FILE PHOTO: U.S. State Department spokesperson Tammy Bruce speaks during her first press briefing at the State Department in Washington, D.C., U.S., March 6, 2025. Photo: REUTERS/Kevin Lamarque/File Photo

President Donald Trump said on Saturday he was nominating State Department spokesperson Tammy Bruce as the next US deputy representative to the United Nations.

Bruce has been the State Department spokesperson since Trump took office in January.

In a post on social media in which Trump announced her nomination, the president said she did a “fantastic job” as State Department spokesperson. Bruce will need to be confirmed for the role by the US Senate, where Trump’s Republican Party holds a majority.

During press briefings, she has defended the Trump administration’s foreign policy decisions ranging from an immigration crackdown and visa revocations to US responses to Russia’s war in Ukraine and Israel’s war in Gaza, including a widely condemned armed private aid operation in the Palestinian territory.

Bruce was previously a political contributor and commentator on Fox News for over 20 years.

She has also authored books like “Fear Itself: Exposing the Left’s Mind-Killing Agenda” that criticized liberals and left-leaning viewpoints.

In a post after Trump’s announcement, Bruce thanked him and suggested that the role was a “few weeks” away.
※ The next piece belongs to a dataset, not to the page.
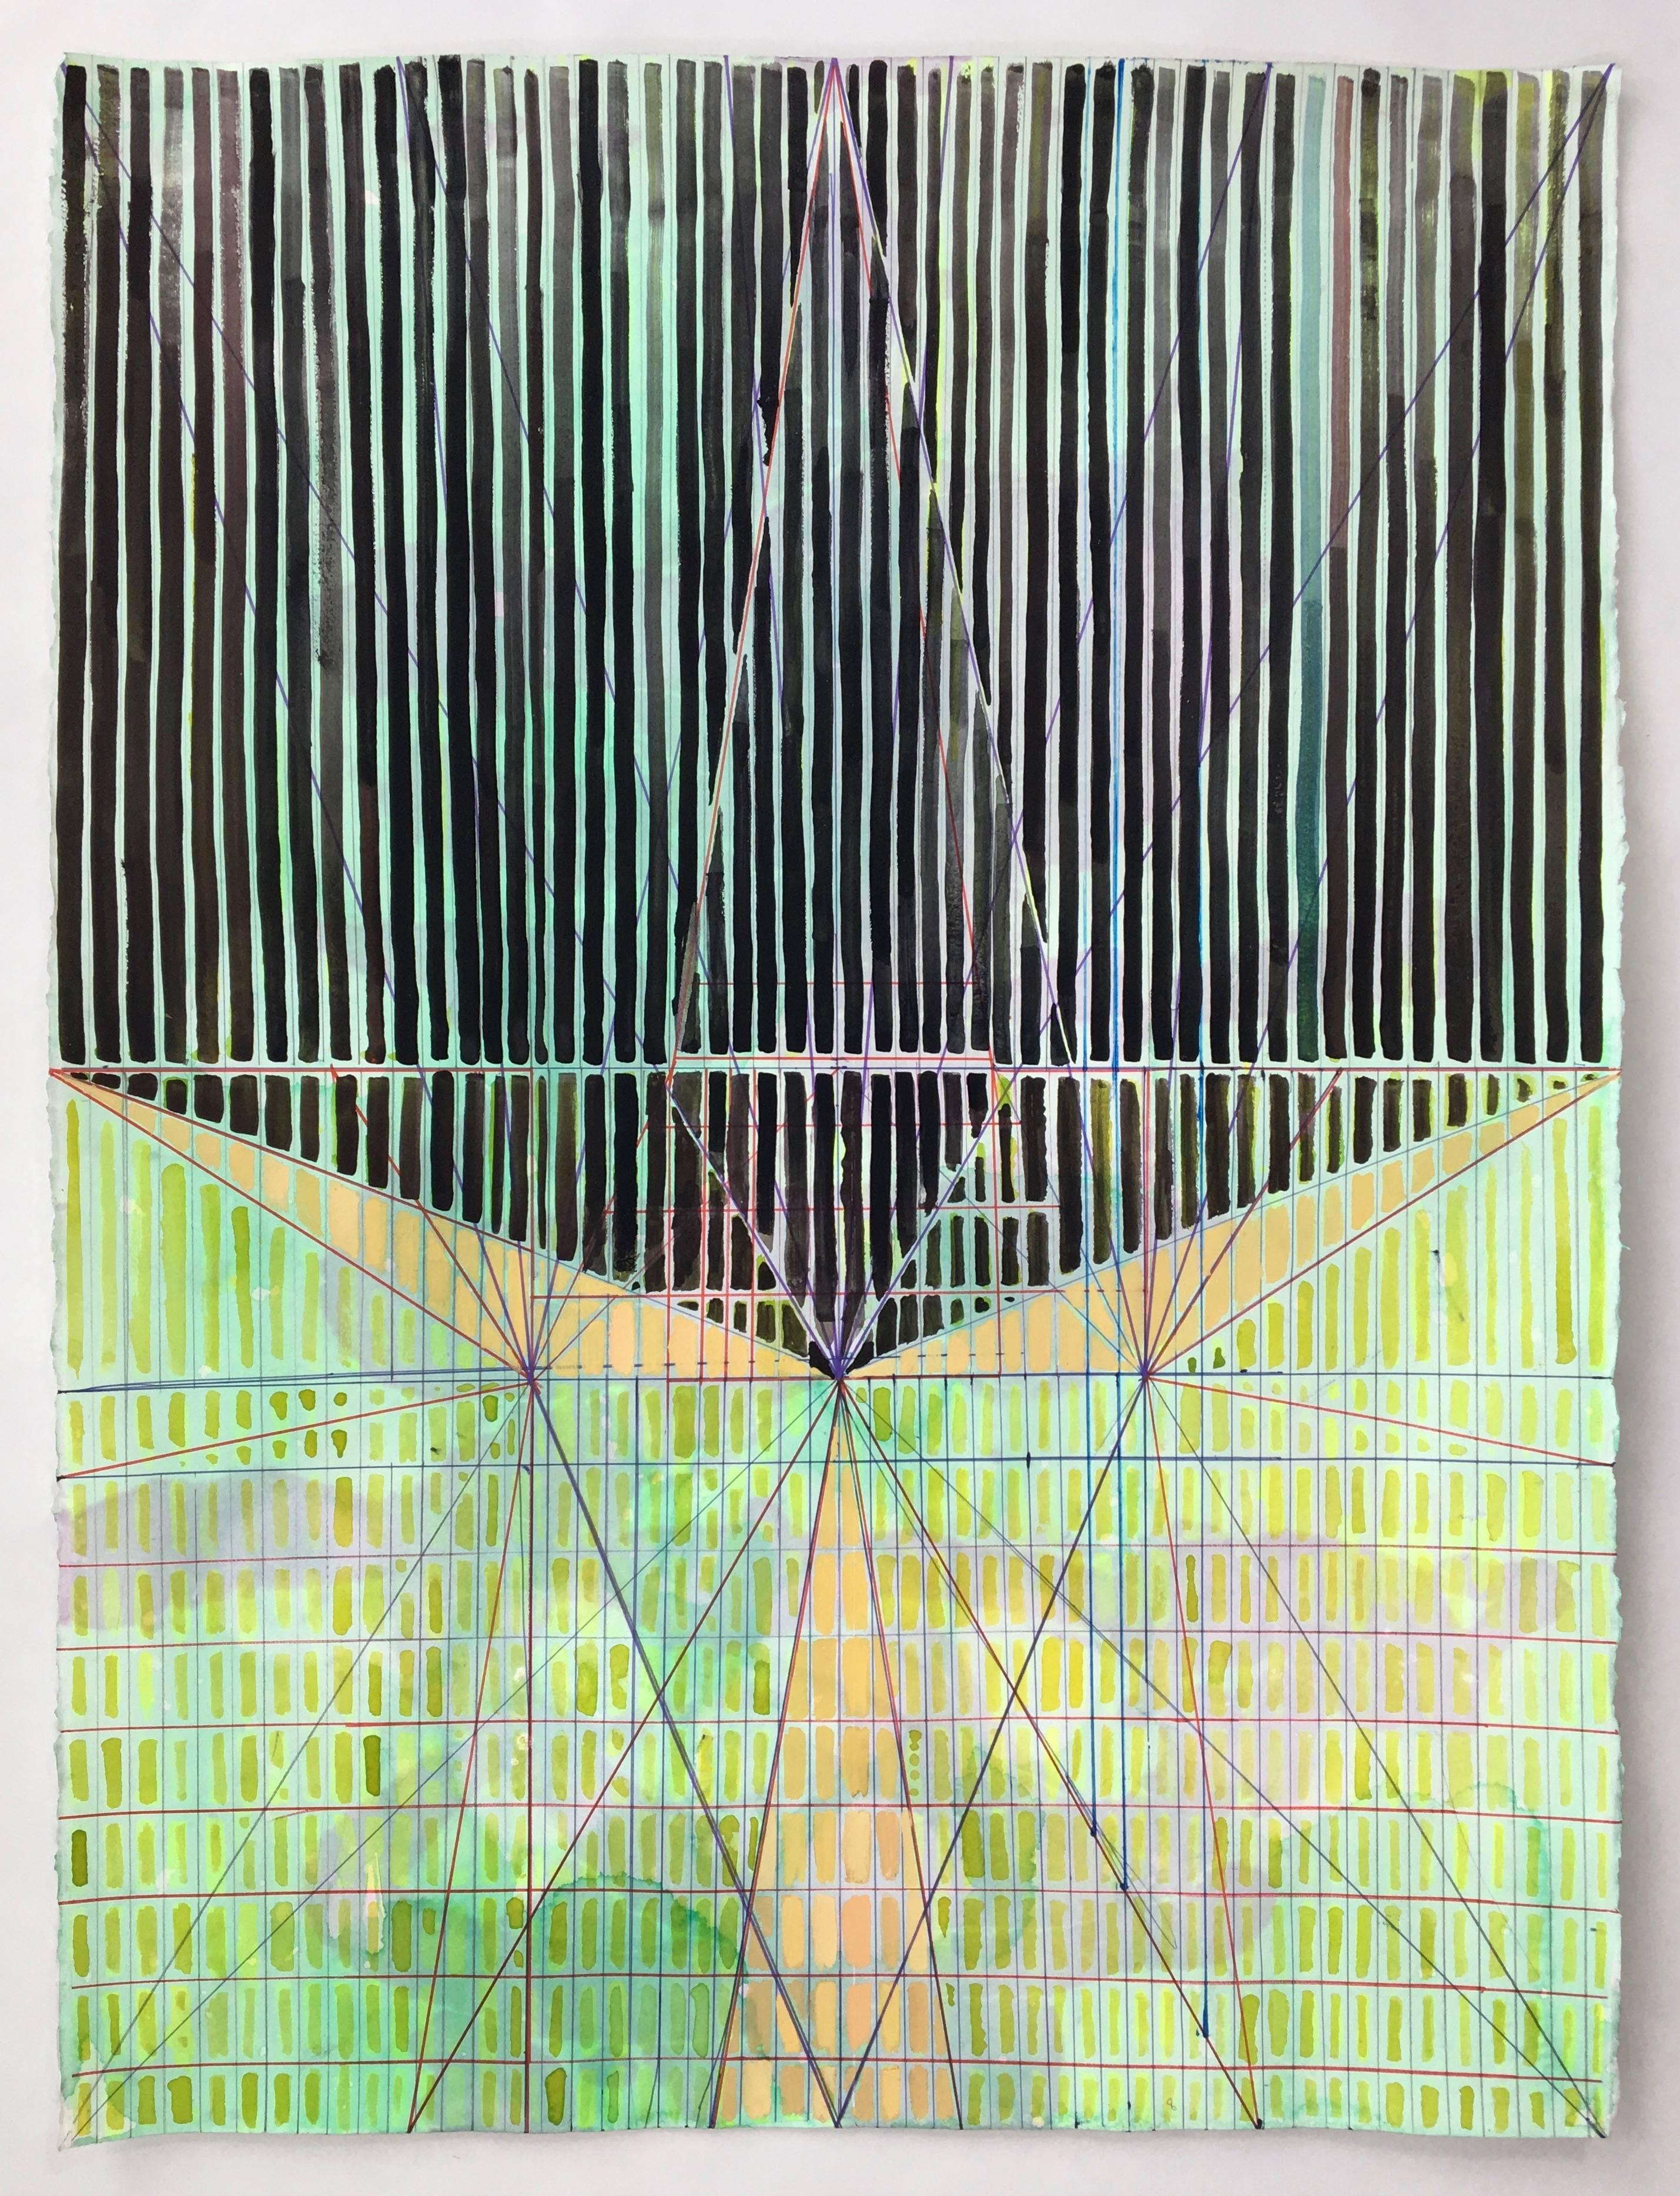 Joe Lloyd, Black Pattern, 2017, acrylic on paper, 30 x 22 inches is a colorful geometric abstract work on paper with greens and black. The hard edges of the geometric framework are complimented by the translucent layers of color and expressive brush
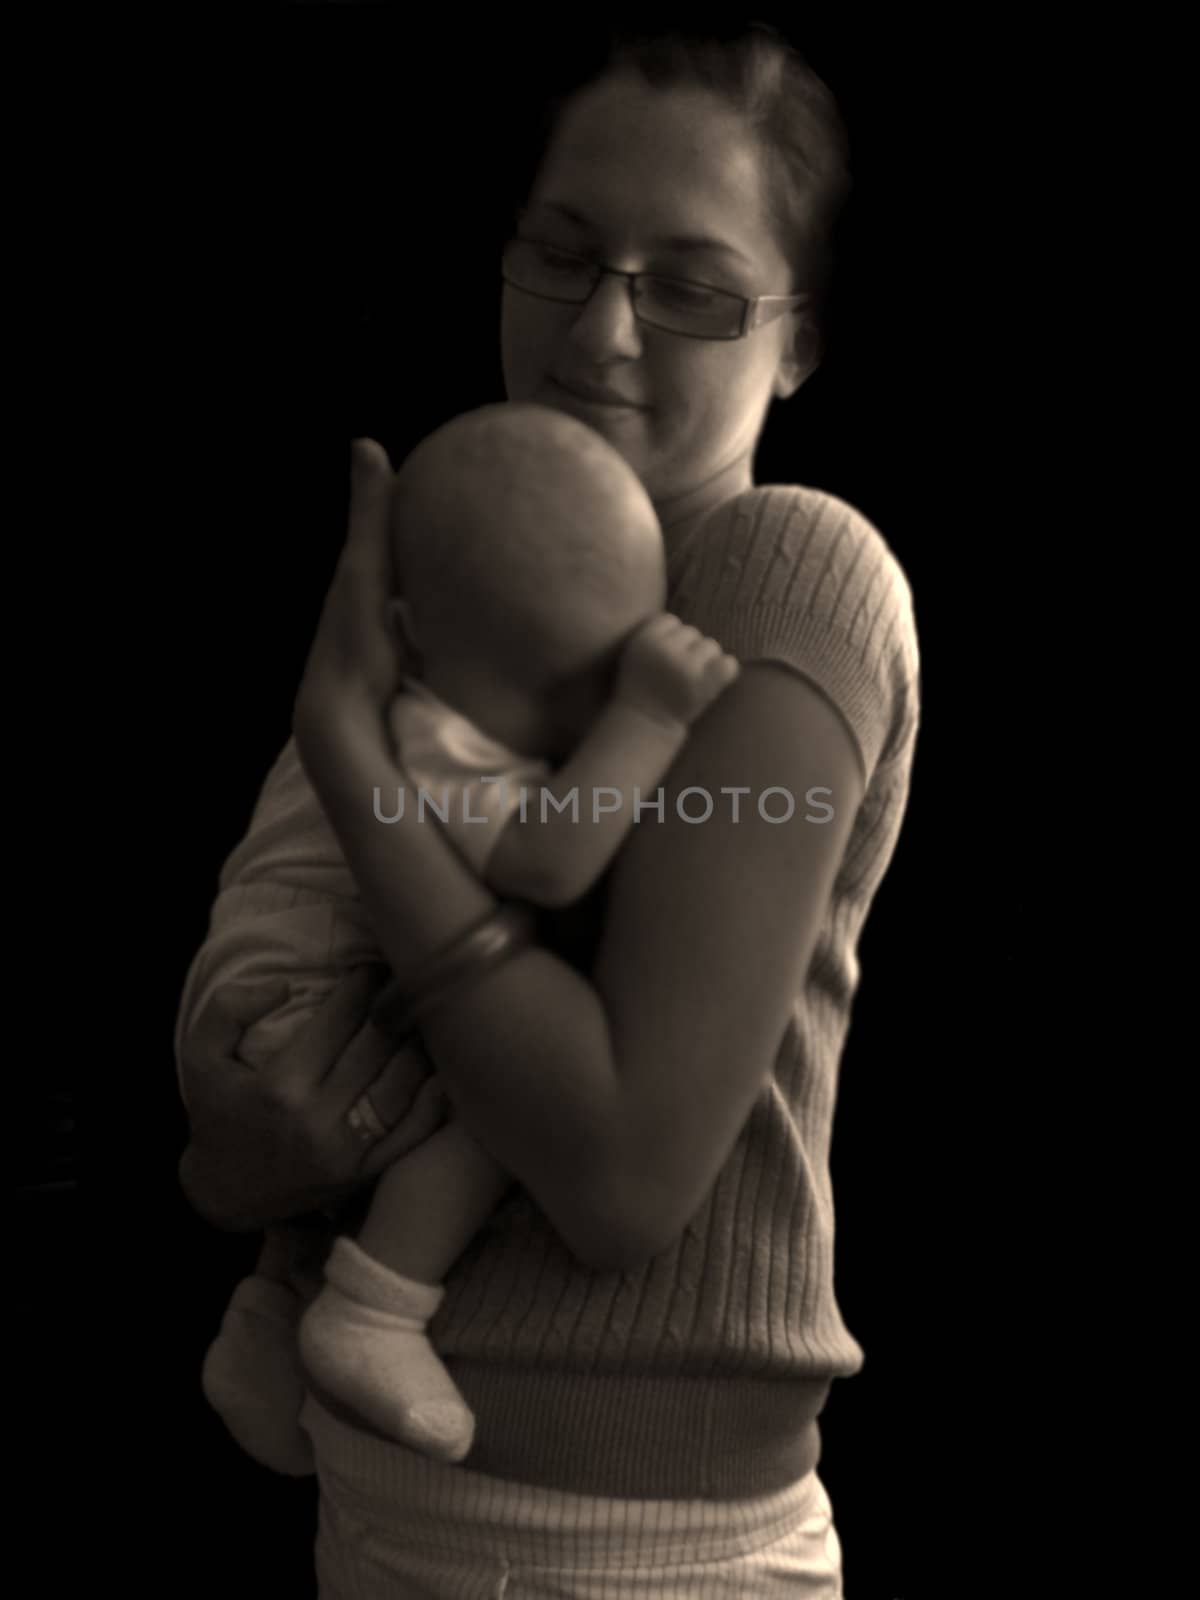 A small baby in young mother's arms

Neither Trump nor Bruce mentioned an exact timeline in their online posts.

“Now I’m blessed that in the next few weeks my commitment to advancing America First leadership and values continues on the global stage in this new post,” Bruce wrote on X.

Trump has picked former White House national security adviser Mike Waltz to be his U.N. envoy. Waltz’s Senate confirmation for that role, wherein he will be Bruce’s boss, is still due.

Waltz was Trump’s national security adviser until he was ousted on May 1 after he was caught up in a March scandal involving a Signal chat among top Trump national security aides on military strikes in Yemen. Trump then nominated Waltz as his U.N. ambassador.